Fingle Bridge takes its name from Fingle Brook, a minor tributary which flows into the Teign adjacent to the bridge. Fingle is derived from the old English "fang", meaning to catch, a reference to the suitability of the stretch of river for fishing. The arches of the bridge were repaired, it is believed by English Heritage during the 19th century.

The bridge sits in the base of the deep Teign Gorge, between the ancient hillforts of Prestonbury Castle 130 m above the river to the north and Cranbrook Castle 230 m above to the south, and the bridge is built on the historic crossing point between the two.
In its early years the bridge was an important crossing over the Teign used by packhorses transporting corn and wood products across the gorge, although the track up to Cranbrook Castle is now an unmaintained byway such that the bridge leads only to a car park on the south side of the river for roadgoing vehicles, the bridge's function having been replaced by the larger and more accessible Dogmarsh Bridge further upstream on the A382 road.

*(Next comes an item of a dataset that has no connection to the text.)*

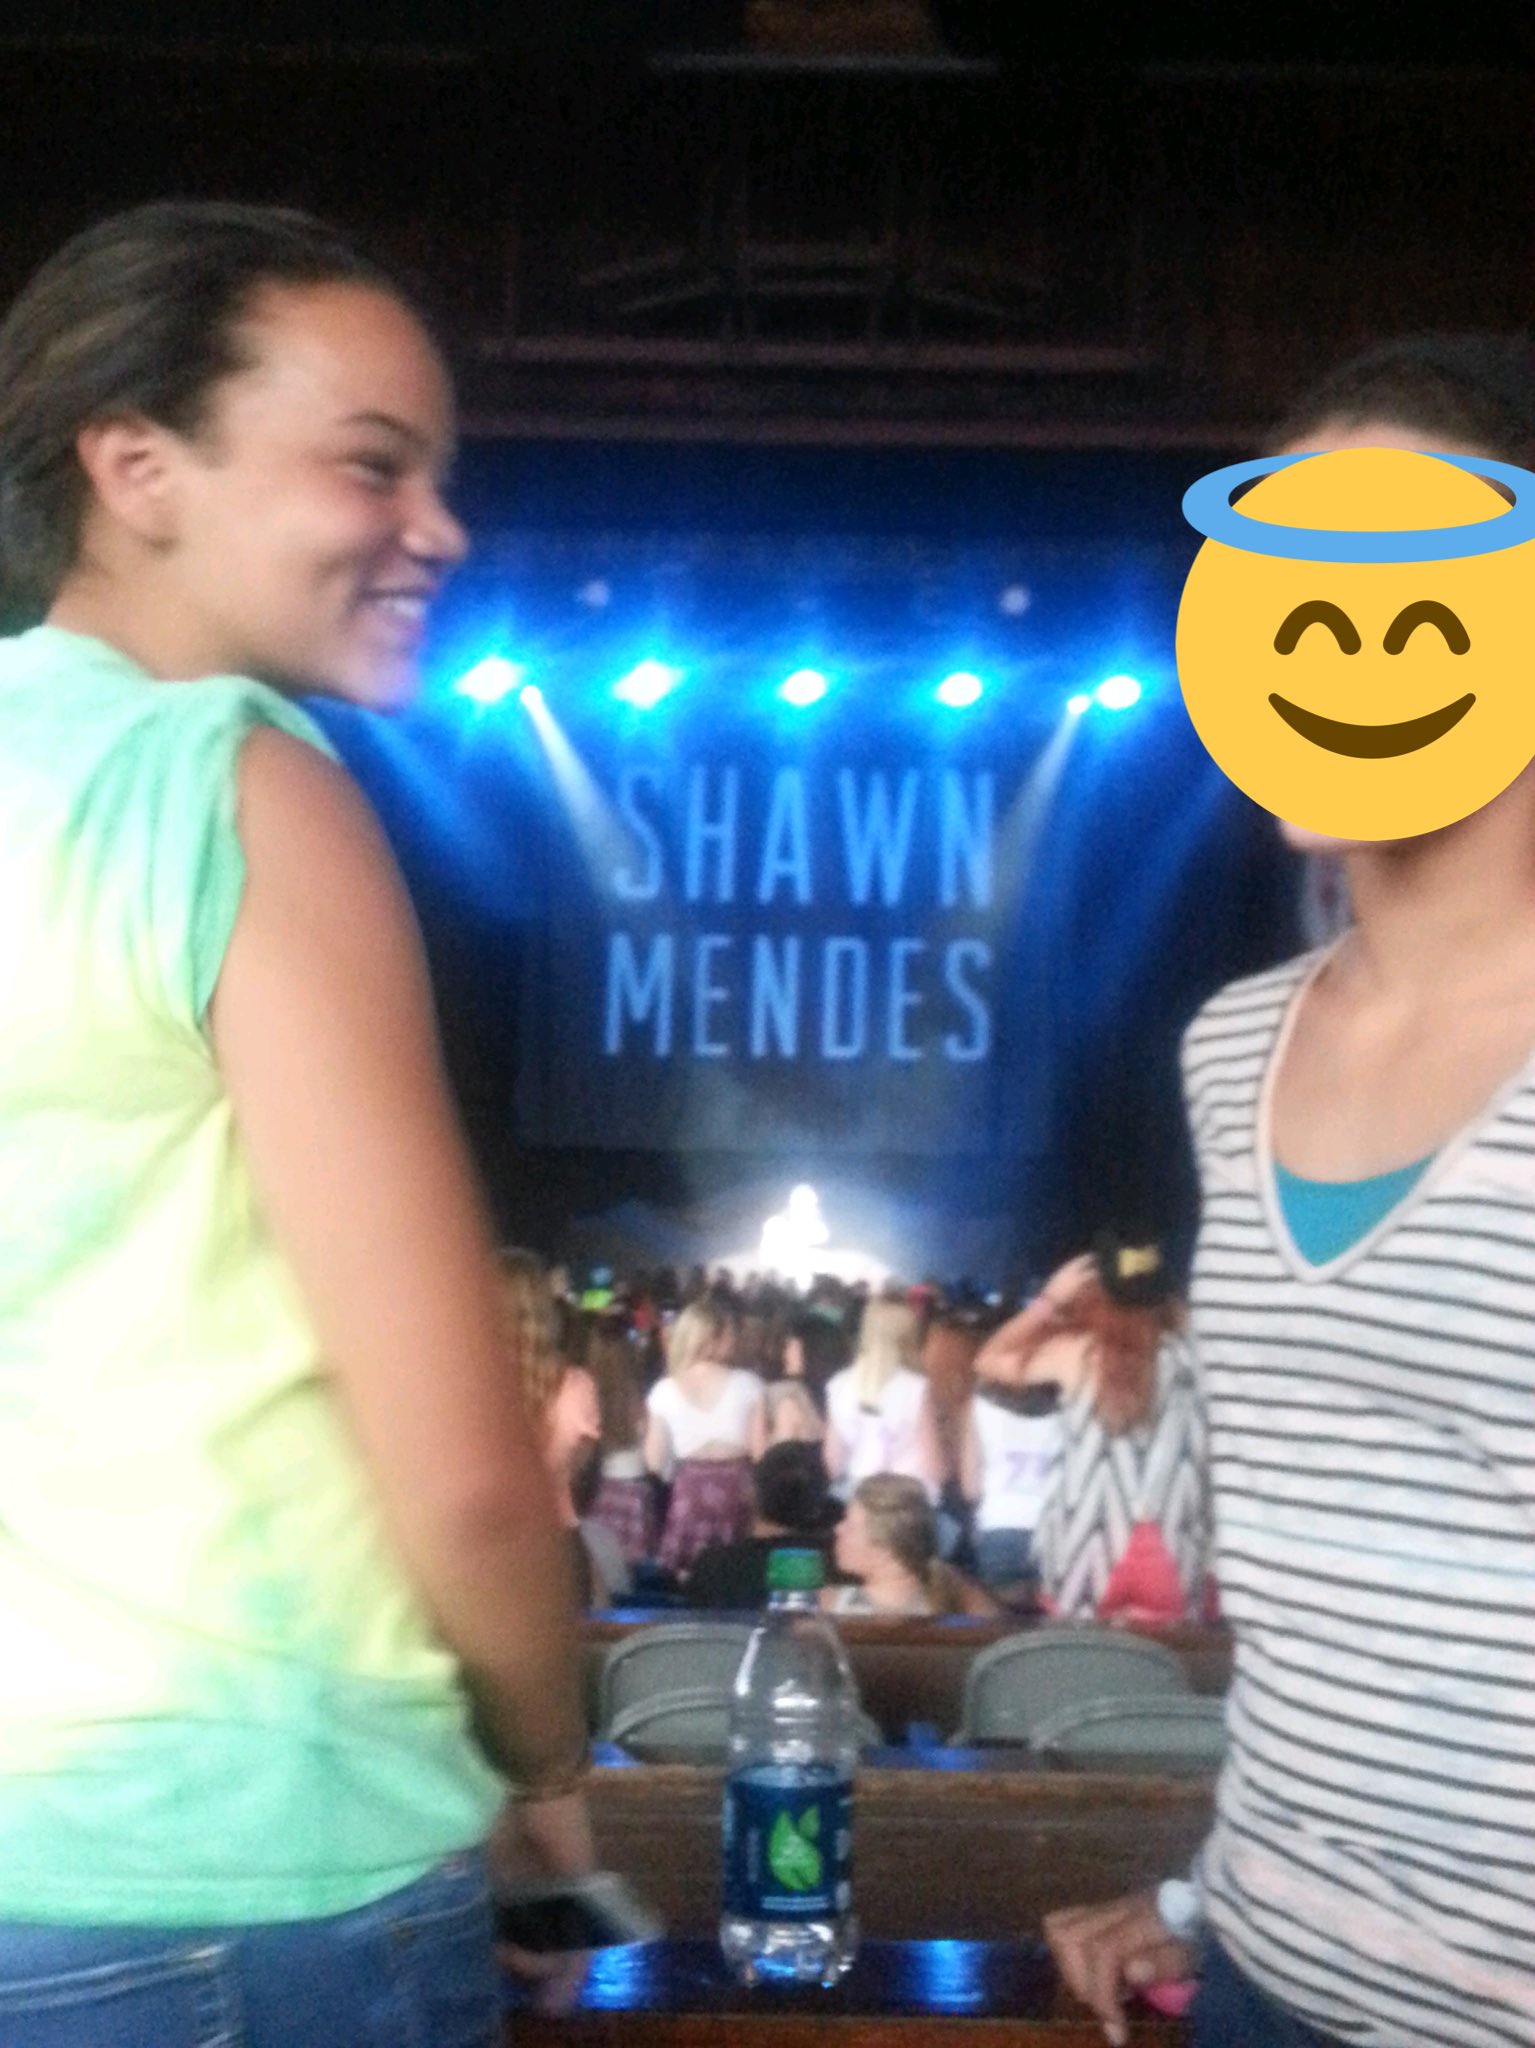 Happy birthday to me!! shawn mendes meet and greet!!

In 1897 Jesse Ashplant founded the Fingle Bridge Tea Shelter on the north landing of the bridge, serving refreshments to the fishermen, tourists and grain carriers of the day. This developed into the Anglers' Rest pub and was later renamed as the Fingle Bridge Inn.

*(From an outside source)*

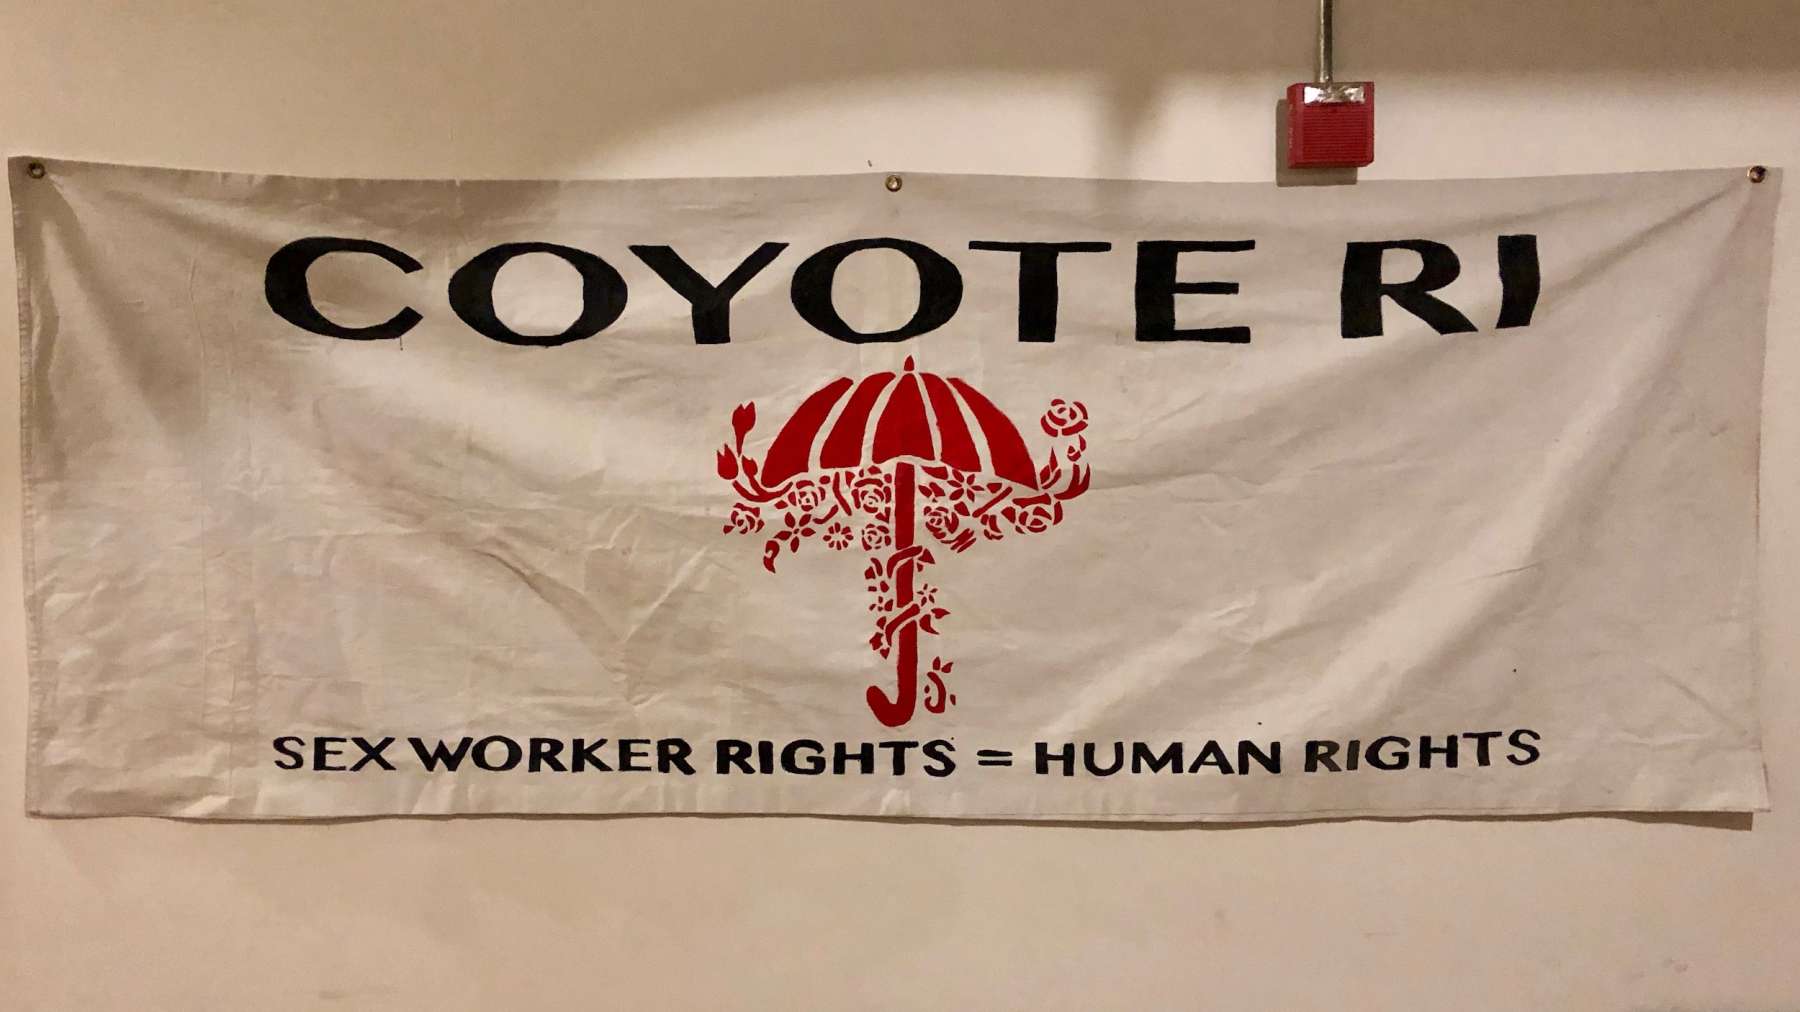 COYOTE RI observes the International Day to End Violence Against Sex Workers

In 1955 Fingle Bridge was designated a Grade II listed building, reclassified in 1967 as Grade II*.

==Related buildings==

Fingle Mill once stood 200 m downstream, a corn mill recorded as being in operation as early as 1790 by the then owner of the bridge, George Ponsford, powered by a now-defunct 500 m long leat.

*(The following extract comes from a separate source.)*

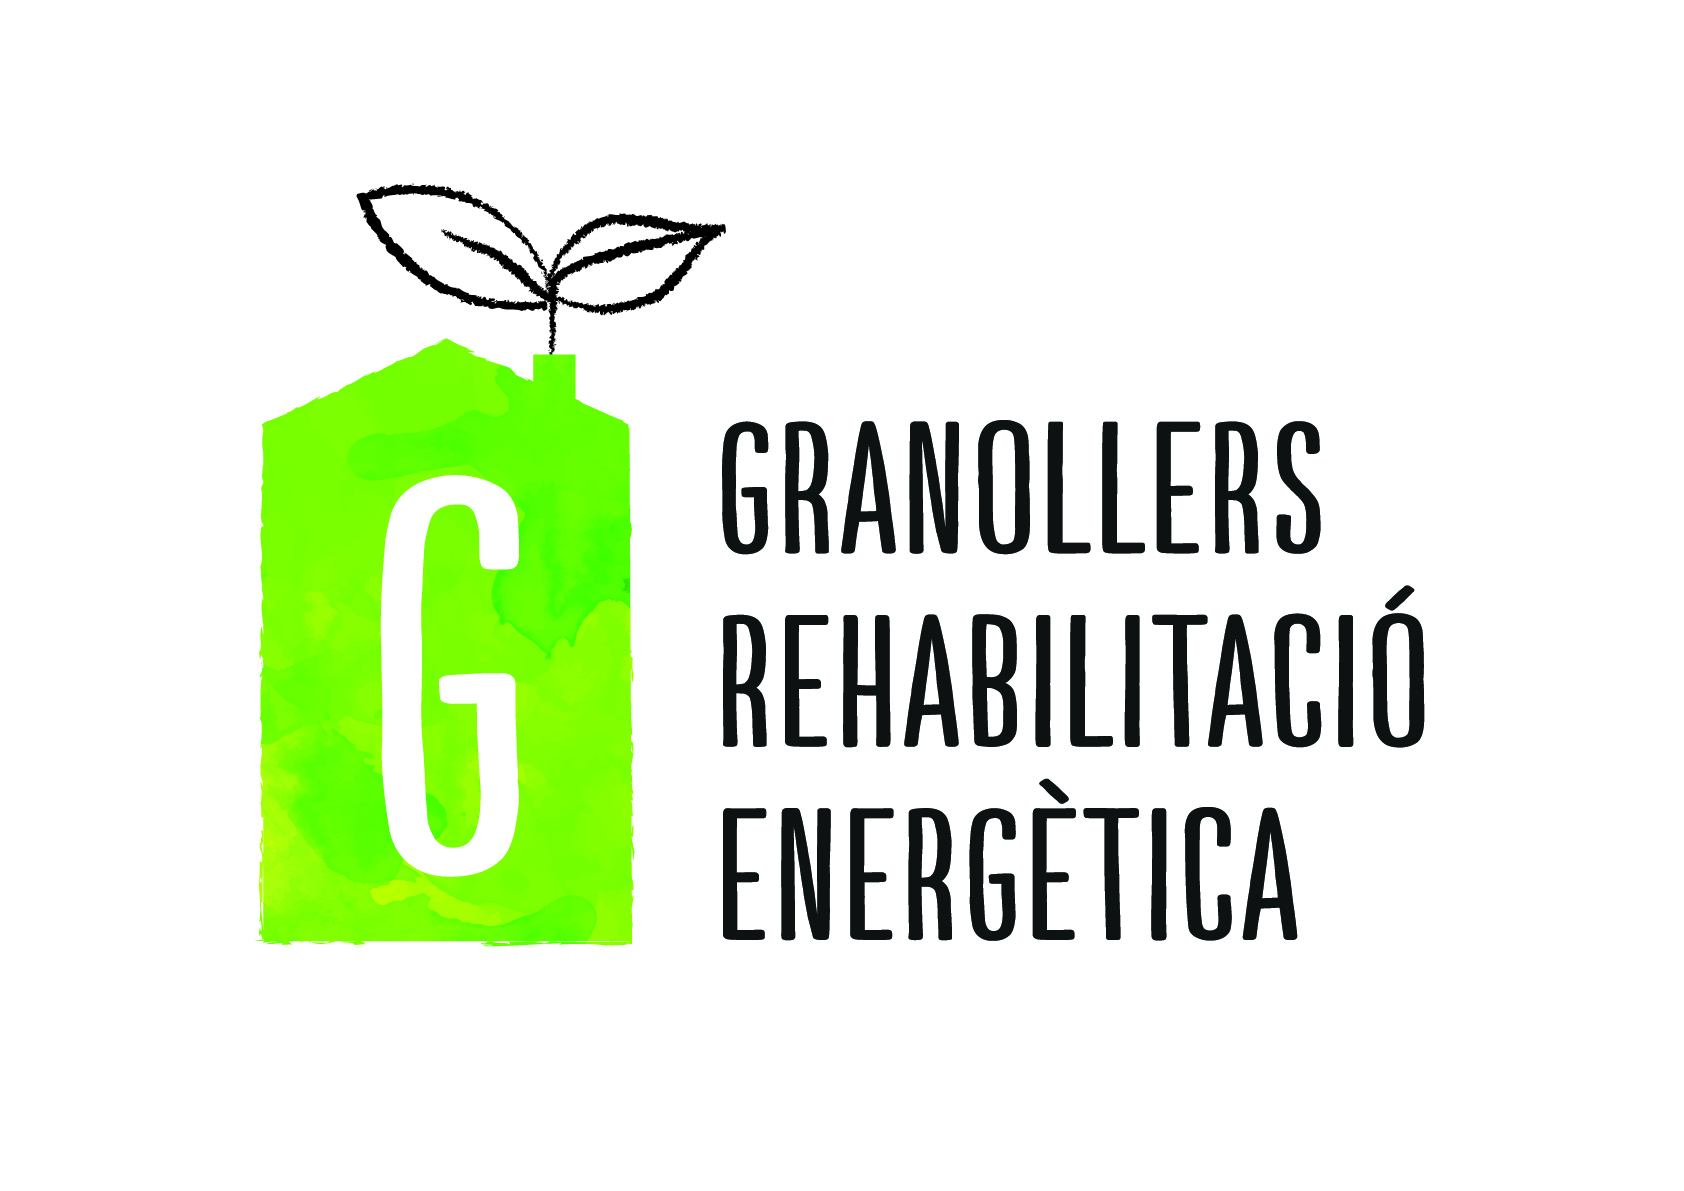 Design of the Granollers Energy Rehabilitation Office

The track leading south to Cranbrook Castle is also the site of one of the Dartmoor crosses which is in the style of a granite slab with the cross engraved on it.

==Fiction==

During May 1903, Bertram Fletcher Robinson had a short story titled The Battle of Fingle's Bridge published in Pearson's Magazine (Vol. XV, pp. 530–536). This is a fairy tale, told by a small boy who falls asleep on a moor and witnesses a battle between the people of the ferns and rushes and the people of the gorse and heather. All these people are only six inches tall and are dressed in medieval garb and armour and have miniature horses and weapons. The boy, aided by a fairy, becomes involved in the battle and finally awakens to find signs of the battle on the moor. This story was illustrated by Nathan Dean.